REPUBLIKA.CO.ID, JAKARTA -- Kementerian Dalam Negeri memastikan sosialisasi terkait pencantuman kolom penghayat kepercayaan dalam Kartu Tanda Penduduk (KTP) sudah dilakukan sejak 2017. Hal itu diperkuat setelah Mahkamah Konstitusi (MK) mengabulkan gugatan uji materi dalam UU yang menyebutkan warga wajib mencatumkan agama pada KTP-nya.
Direktur Jenderal Kependudukan dan Pencatatan Sipil (Dukcapil) Kemendagri, Zudan Arif Fakrulloh, menjelaskan sebelum adanya penegasan dari MK pun, pemerintah sudah mengakui adanya penghayat kepercayaan. Menurutnya, dalam UU Administrasi Kependudukan pun sudah disebutkan bahwa penghayat diakui dan didata serta dicatat identitasnya dalam basis data kependudukan.

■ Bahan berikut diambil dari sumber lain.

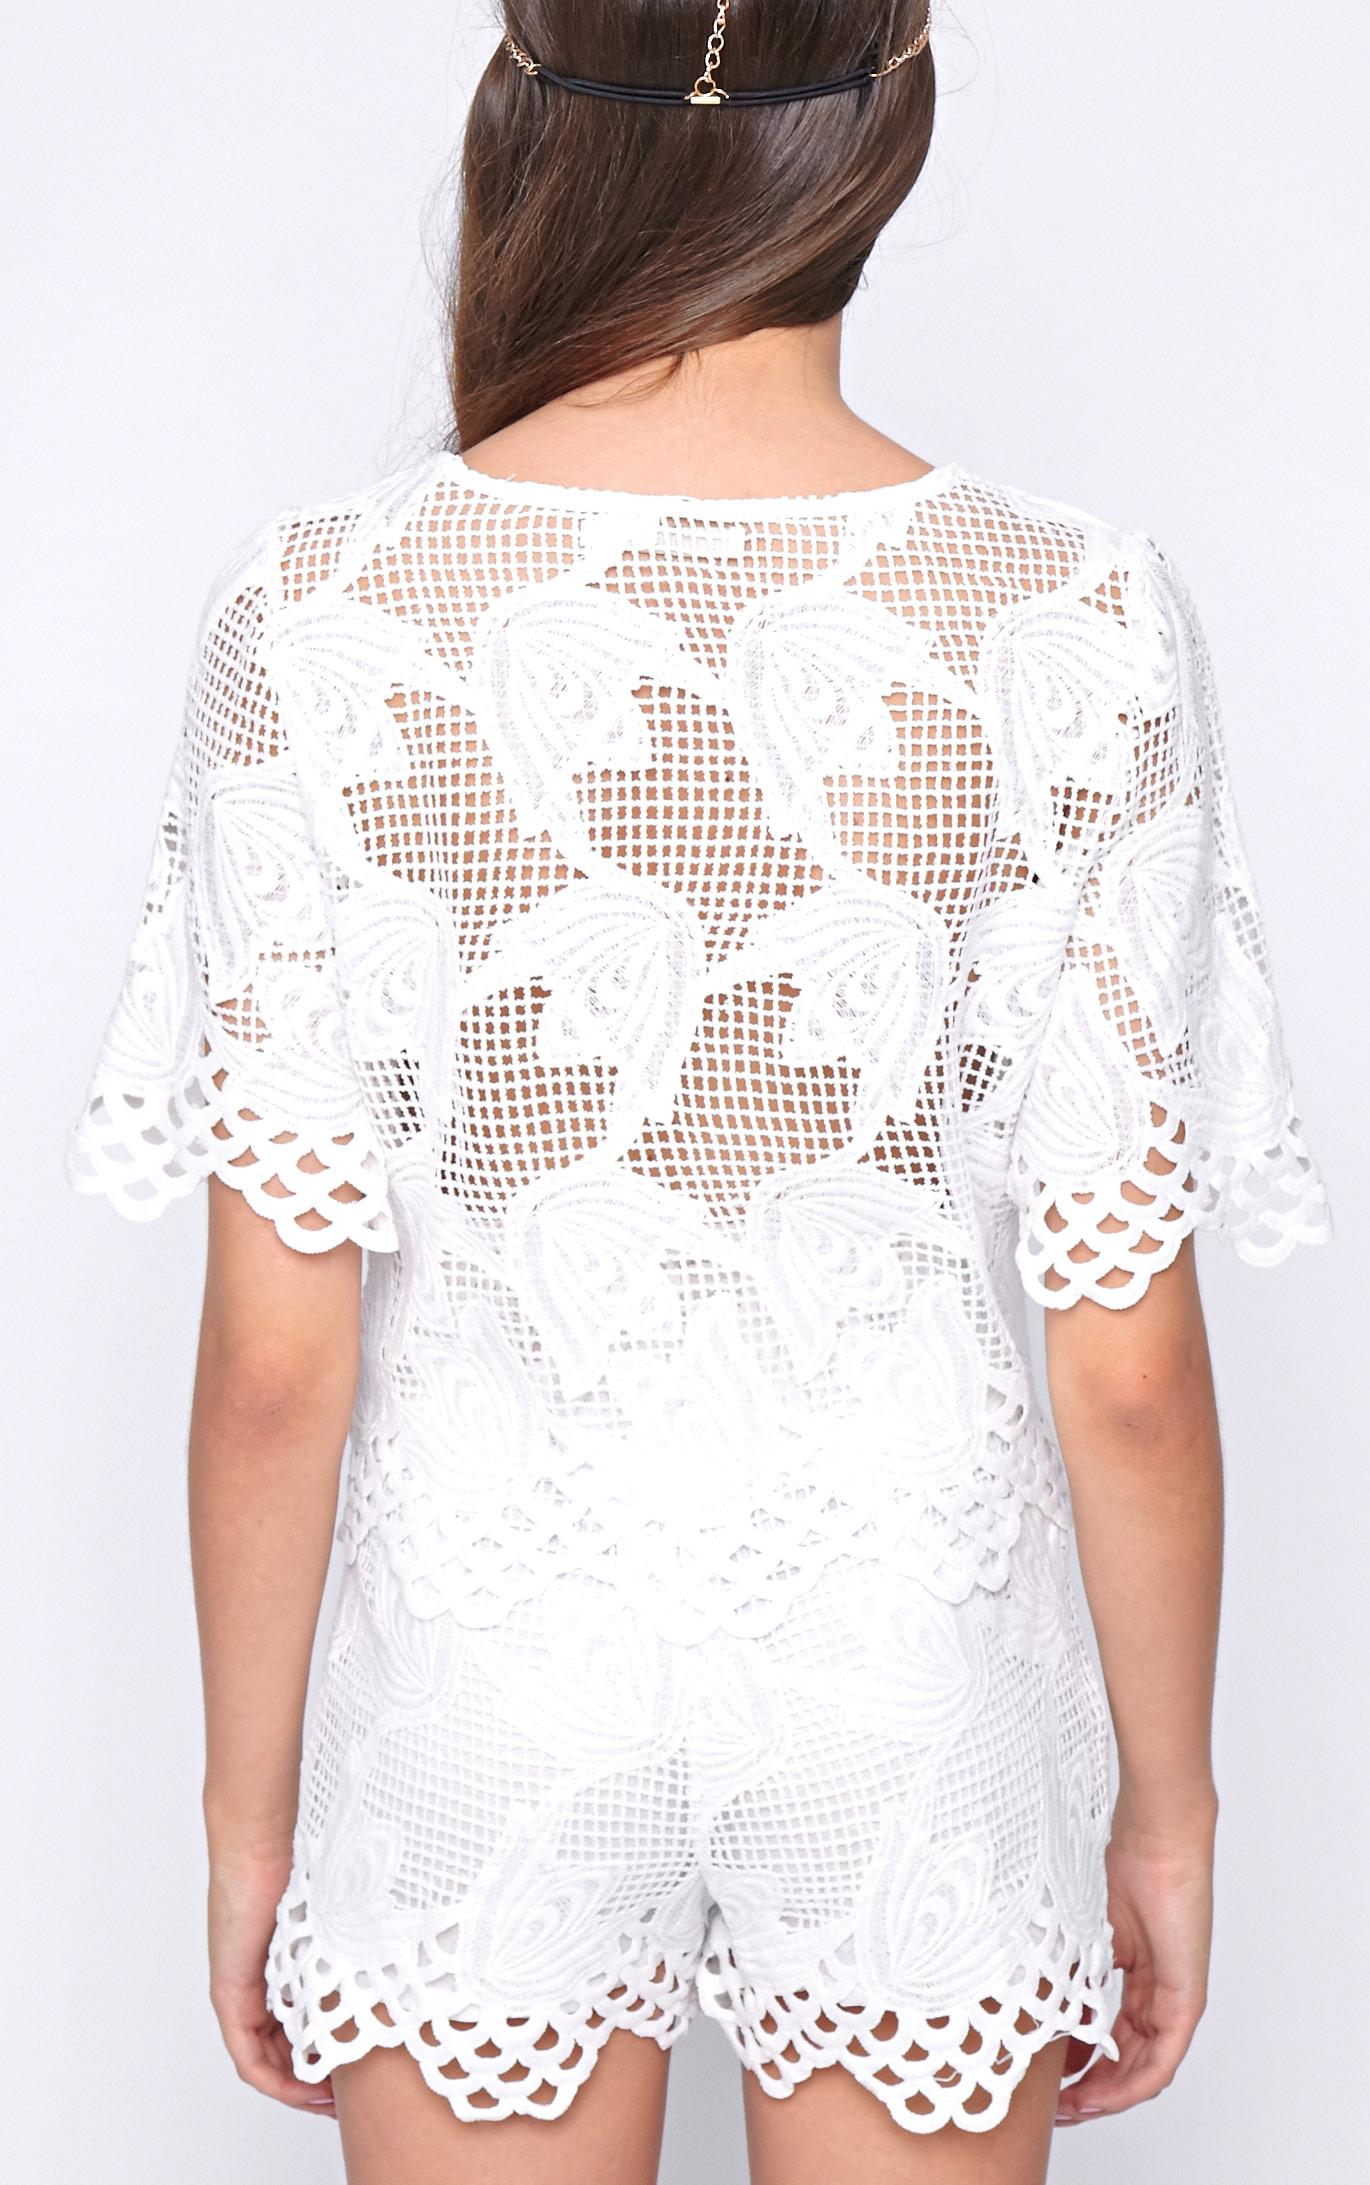 Fern White Crochet Boxy Crop 2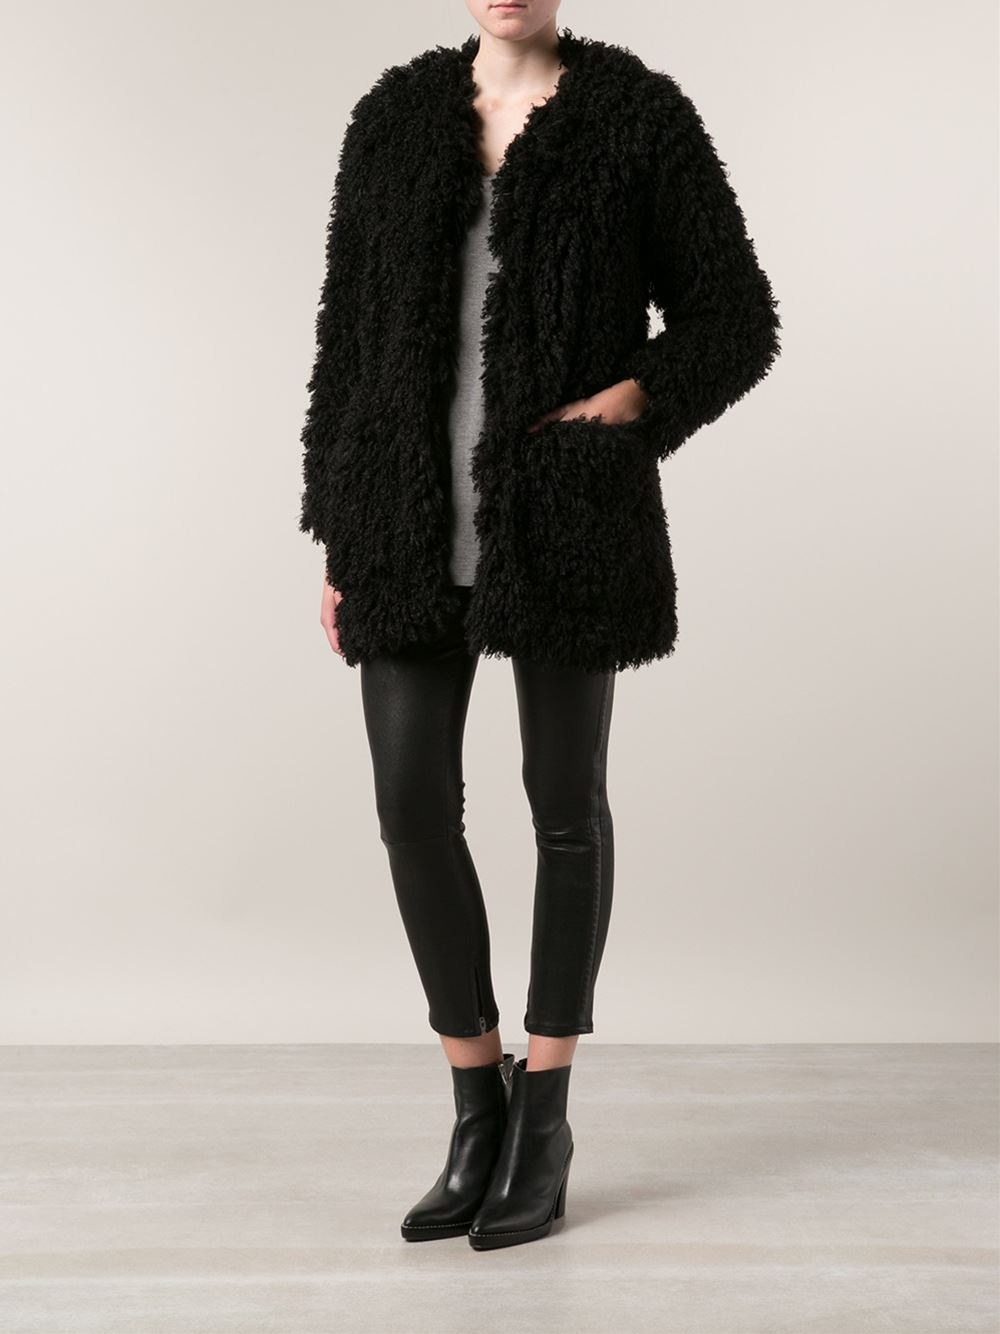 Smythe Fuzzy Jacket In Black Lyst

"Jadi salah kalau katakan penghayat baru diakui sekarang. Oh tidak, dari dulu datanya sudah masuk dalam database. Kemudian diperkuat dengan putusan MK tahun 2017 lalu, keluar putusan. 2018 kami implementasikan," kata Zudan di Istana Negara, Selasa (26/2).
Ia menambahkan, dalam kolom penghayat kepercayaan pun bukan ditulis organisasi kepercayaannya seperti Parmalim atau Sunda Wiwitan. Yang dicantumkan di KTP adalah penulisan 'Kepercayaan terhadap Tuhan Yang Maha Esa'.
"Kepercayaannya hanya satu. Kepercayaan terhadap Tuhan YME. Kalau organsiasi ada Parmalim, Sunda Wiwitan, itu nama organisasinya. Bukan itu yang dituliskan," katanya.
Hingga saat ini, Kemendagri mencatat adanya 138 ribu orang penghayat kepercayaan di seluruh Indonesia. Meski begitu, Zudan mengaku pihaknya tidak merangkum berapa jumlah KTP bertuliskan penghayat kepercayaan yang sudah dicetak. Menurutnya, penulisan hal tersebut bukan sesuatu yang istimewa karena memang pengakuan terhadap mereka sudah dilakukan sejak dulu.
"Ini hal biasa bukan hal khusus dan istimewa. Orang yang updating data kependudukan. Seperti ganti status dari bujang menjadi menikah. Hal yang biasa. Karena dala database tercatat," katanya.